### WORK TO BE COMPLETED:
The required output is a verbatim transcription of the listing, pictures excluded.

### GIVEN DATA:
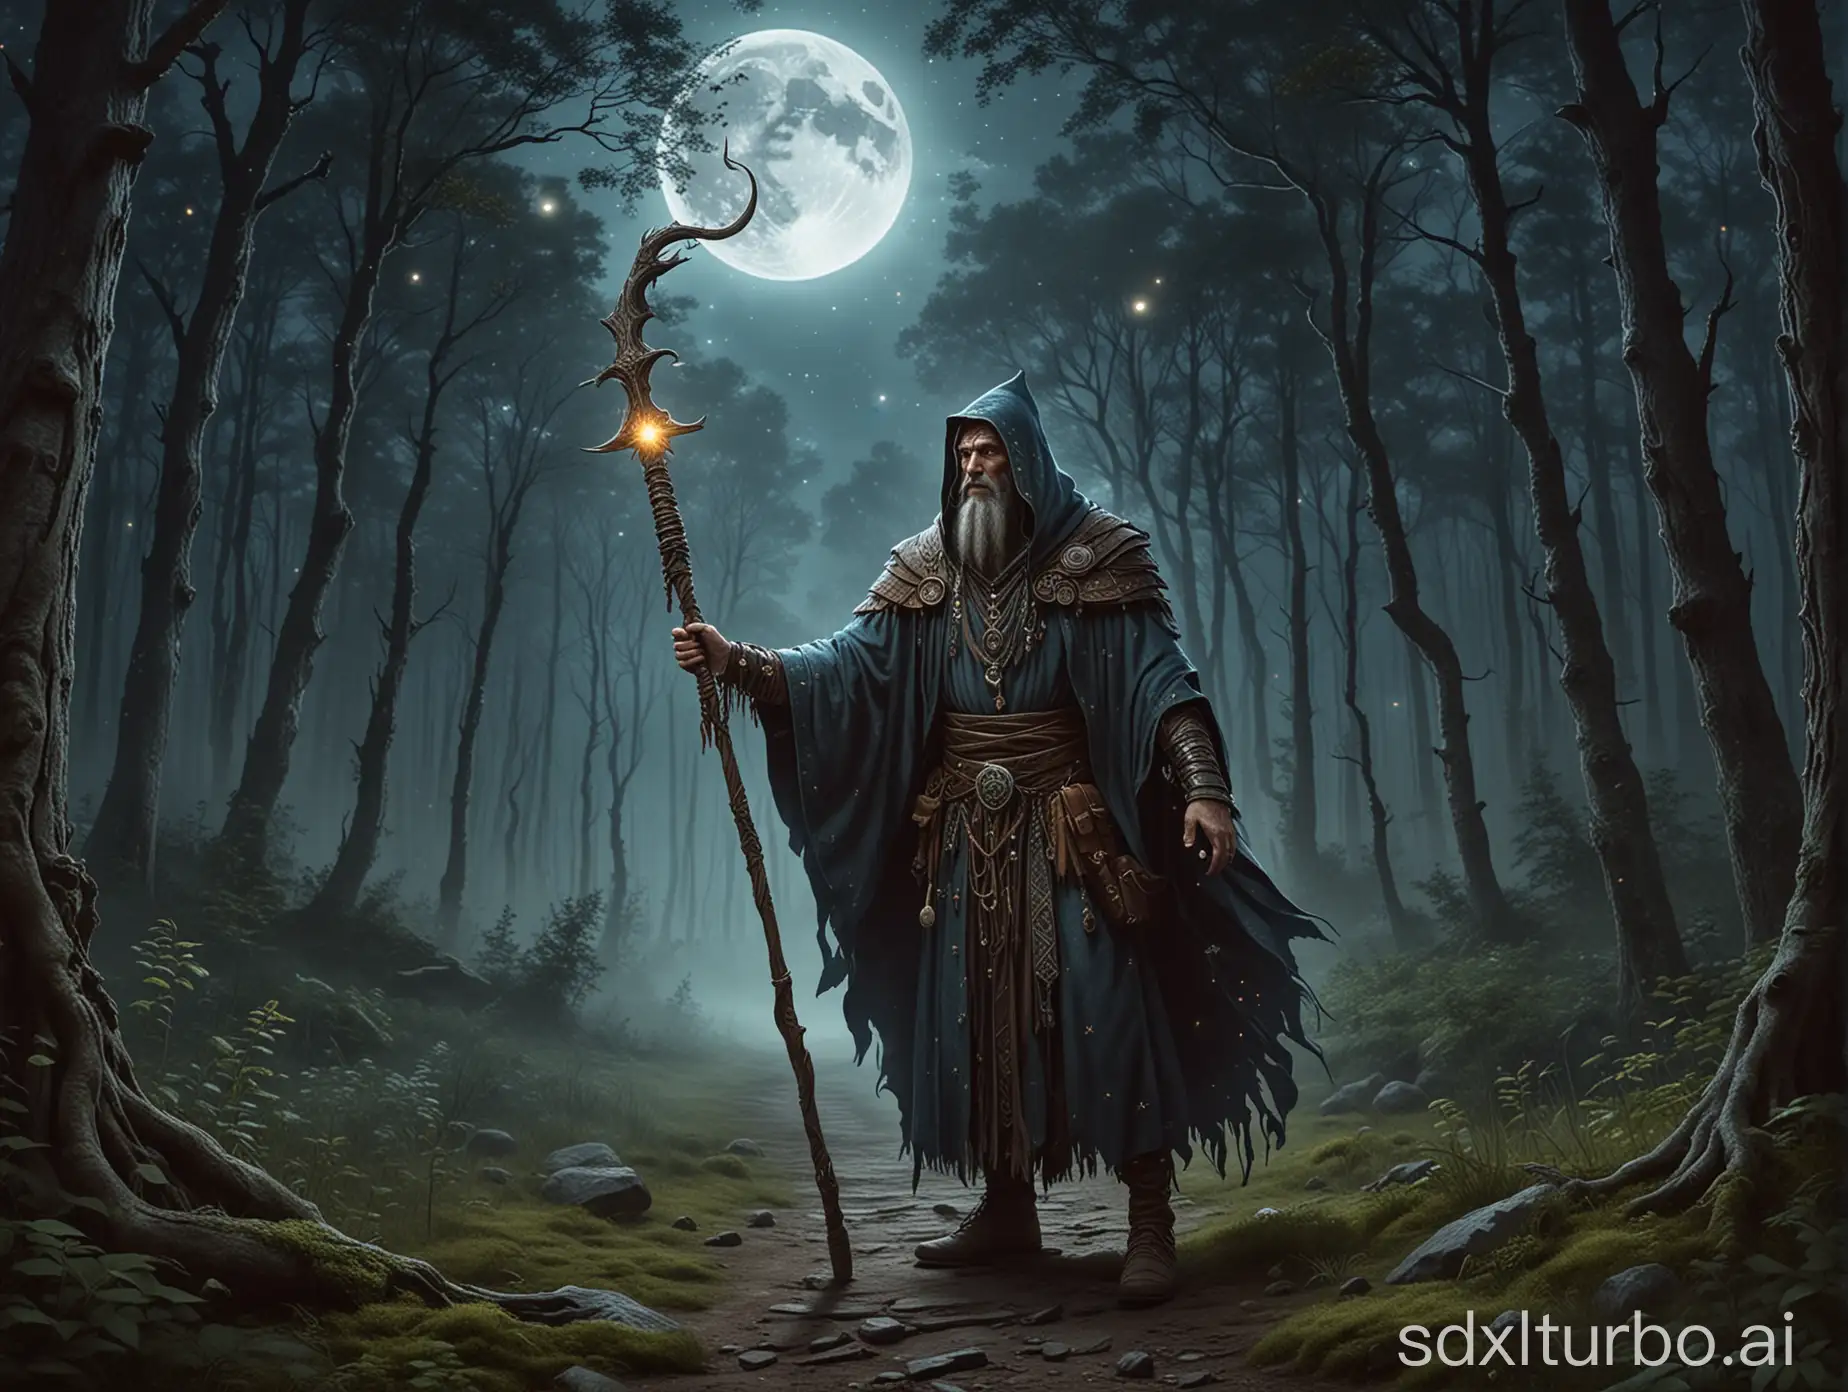 a sorcerer resembling a hatless shaman with his staff and cloak at a crossroads of 4 paths in the middle of a forest with the moon and stars in the sky
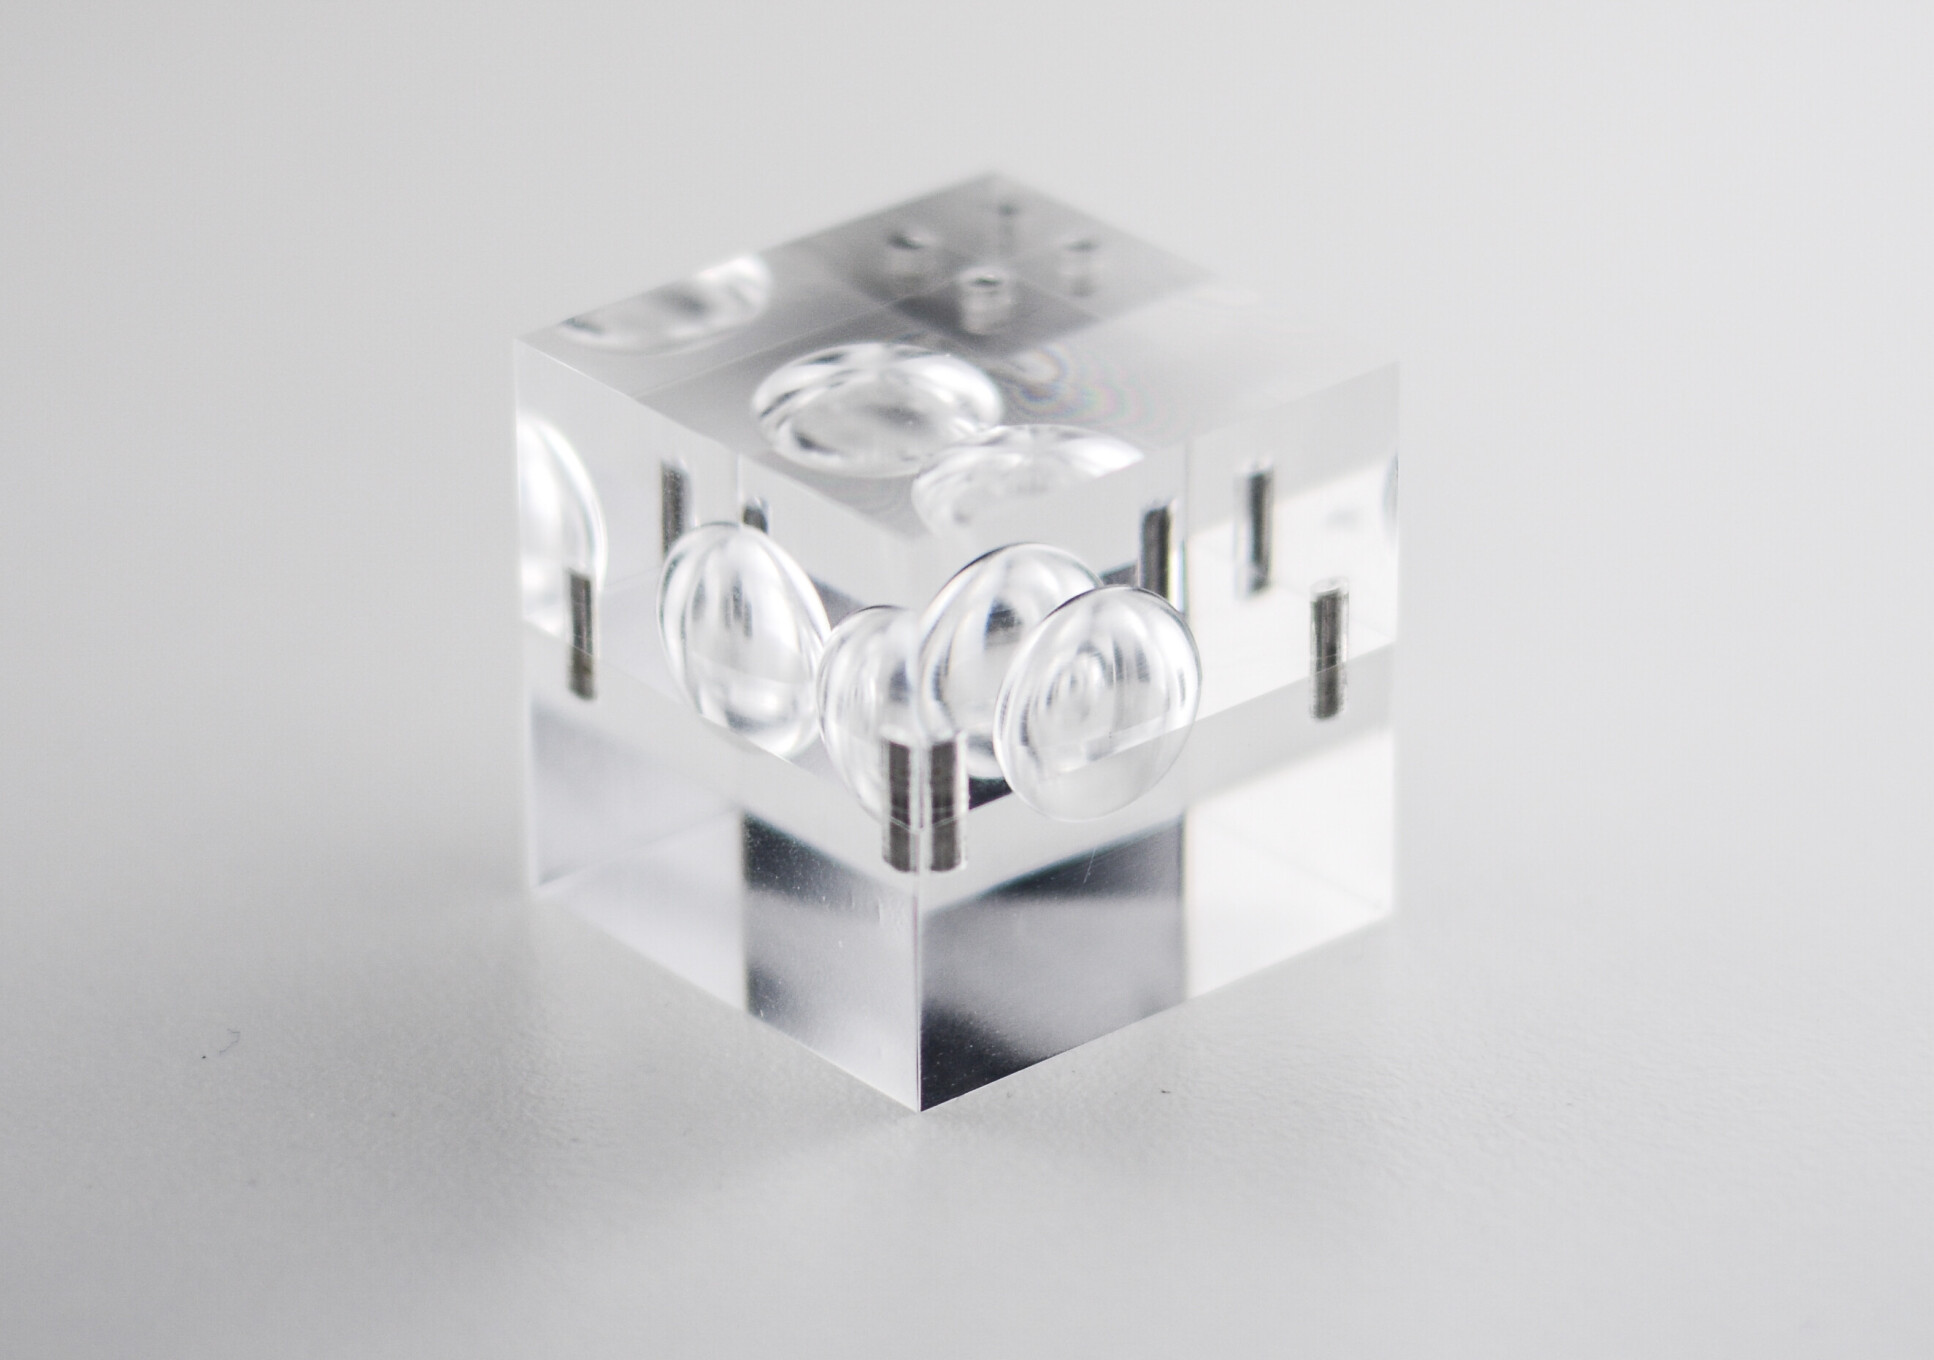 A cube shaped object
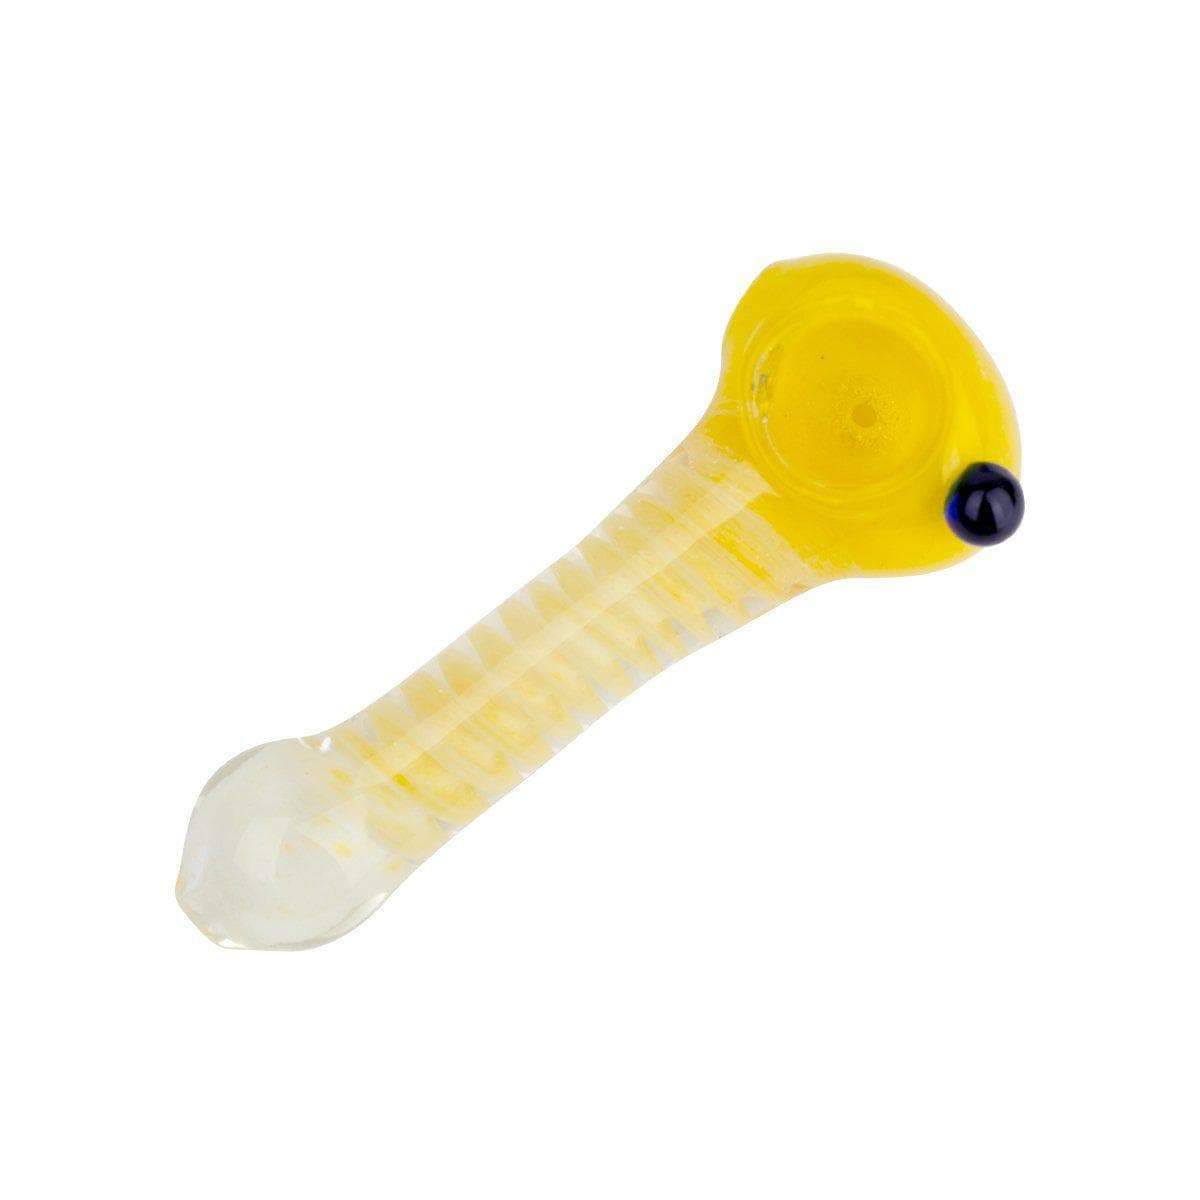 Glass Playground Pipe - 4.5in Yellow and White

### EXERCISE SOLUTION:
 a sorcerer resembling a hatless shaman with his staff and cloak at a crossroads of 4 paths in the middle of a forest with the moon and stars in the sky
 A cube shaped object
 Glass Playground Pipe - 4.5in Yellow and White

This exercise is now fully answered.